──────── Input data ────────

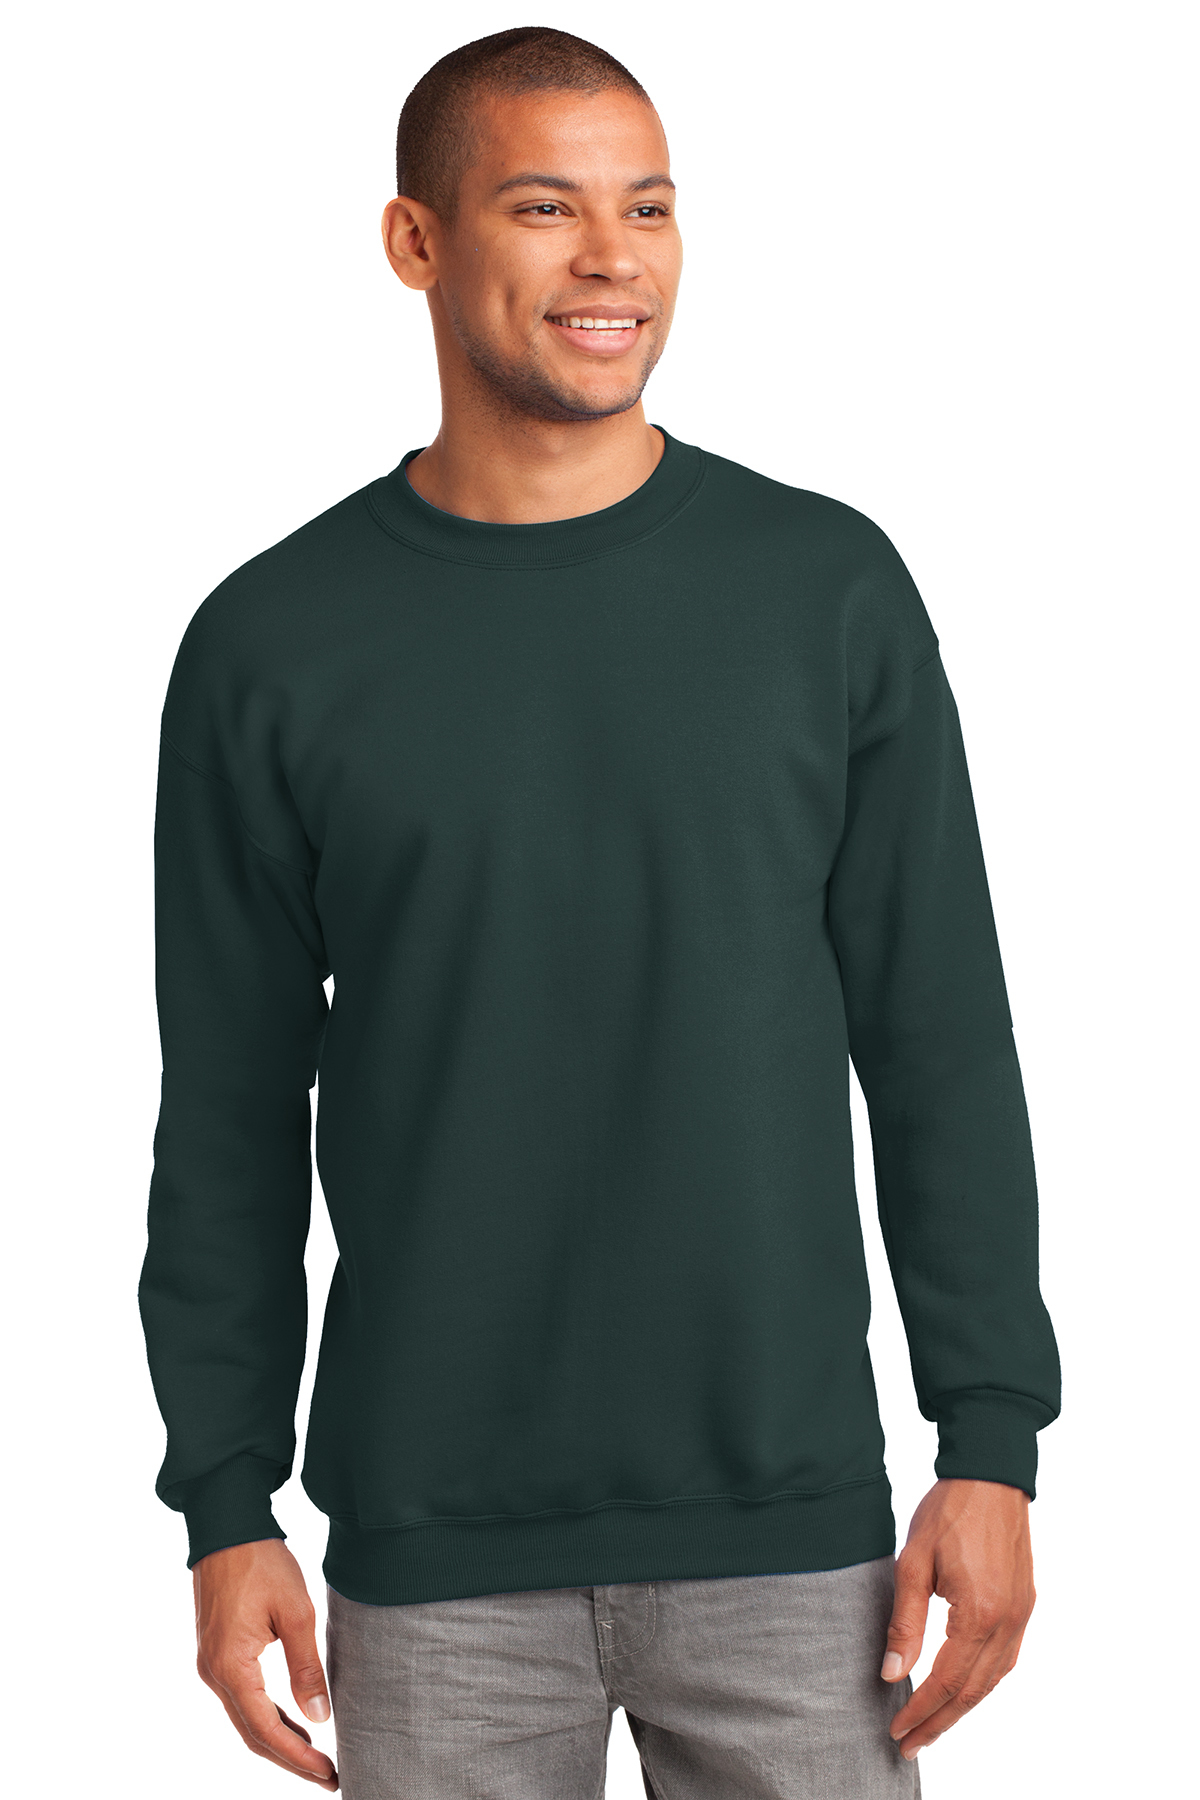 Port & Company Tall Ultimate Crewneck Sweatshirt. PC90T - Sweatshirts
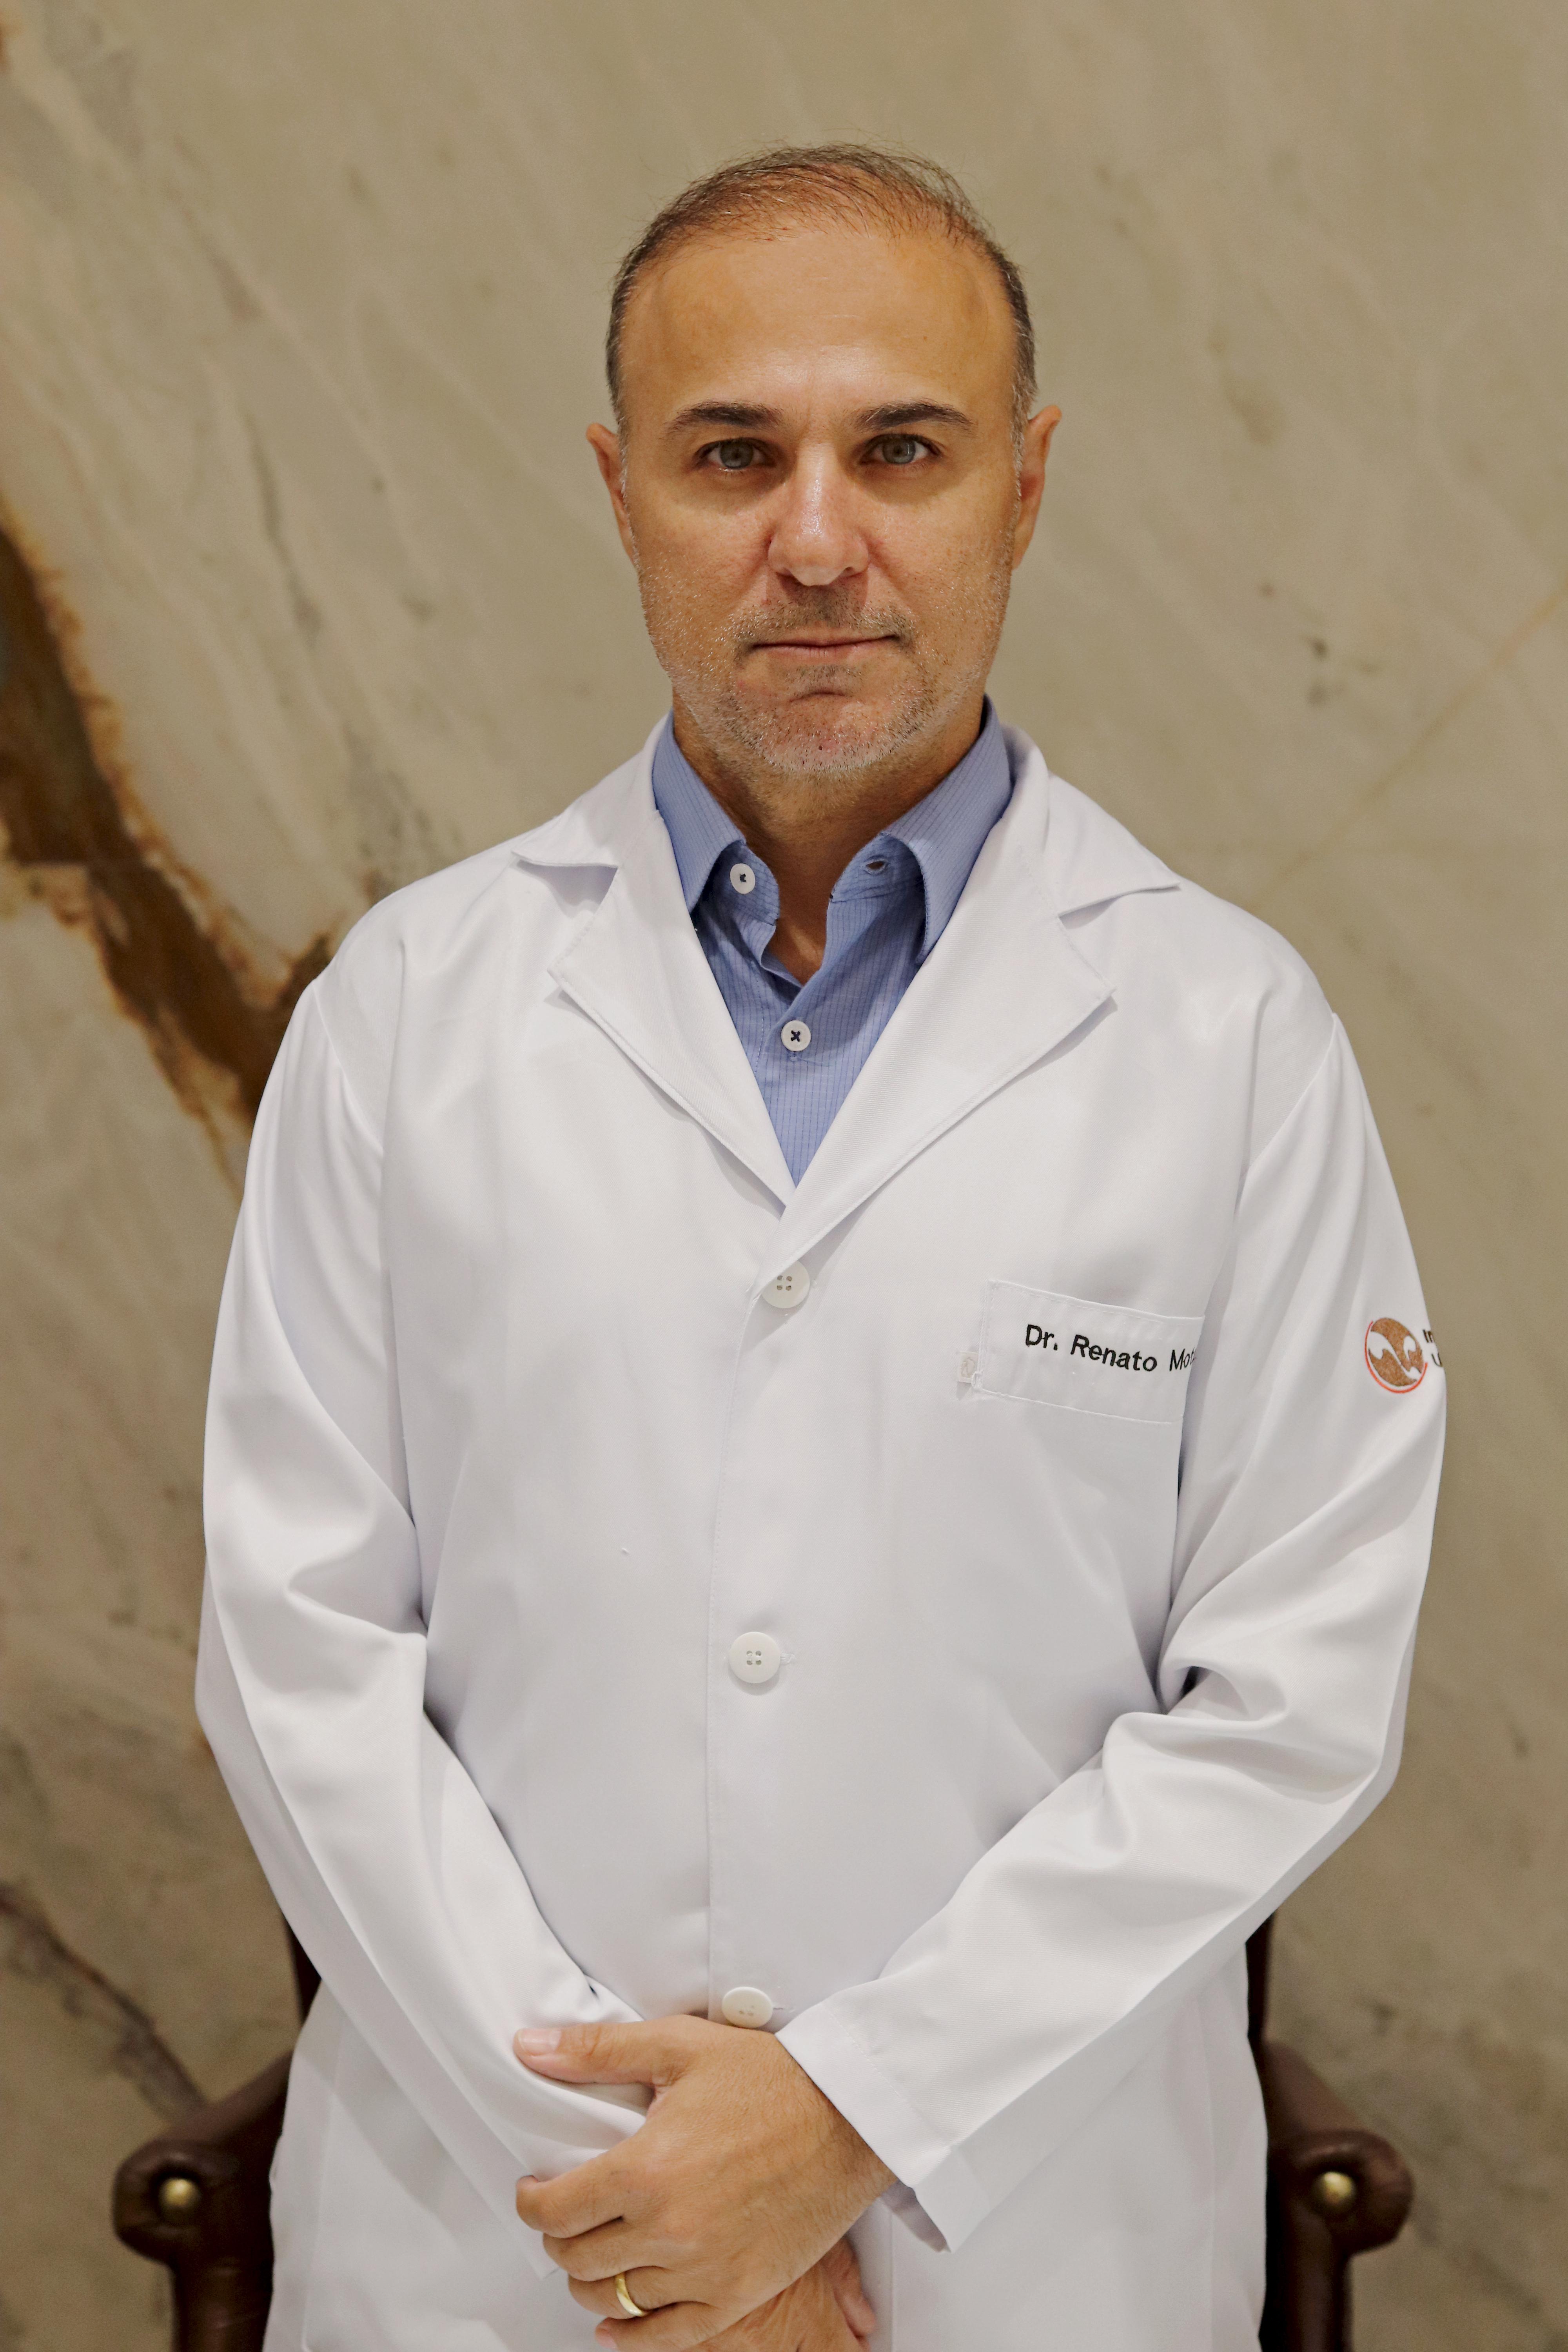 Dr. Renato Quintino Nobre Mota
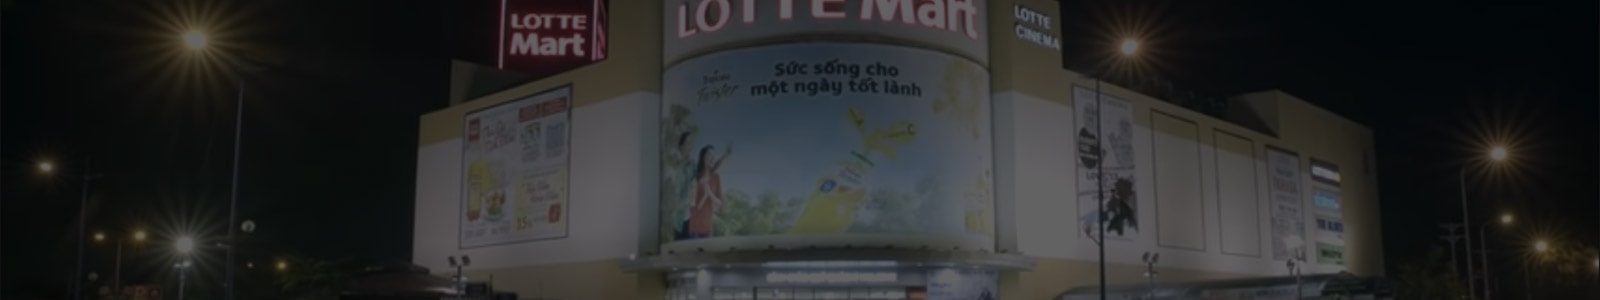 LG Chiller Case Study Shopping Mall Solution_Vietnam "LOTTE Mart"1

────────

- [What to do]: The result is an exact copy of the lines from the one holding "Dr. Renato Quintino Nobre Mota" through the final line of the data above, both ends included, minus the pictures.

- [Solution for this problem]:
 Dr. Renato Quintino Nobre Mota
 LG Chiller Case Study Shopping Mall Solution_Vietnam "LOTTE Mart"1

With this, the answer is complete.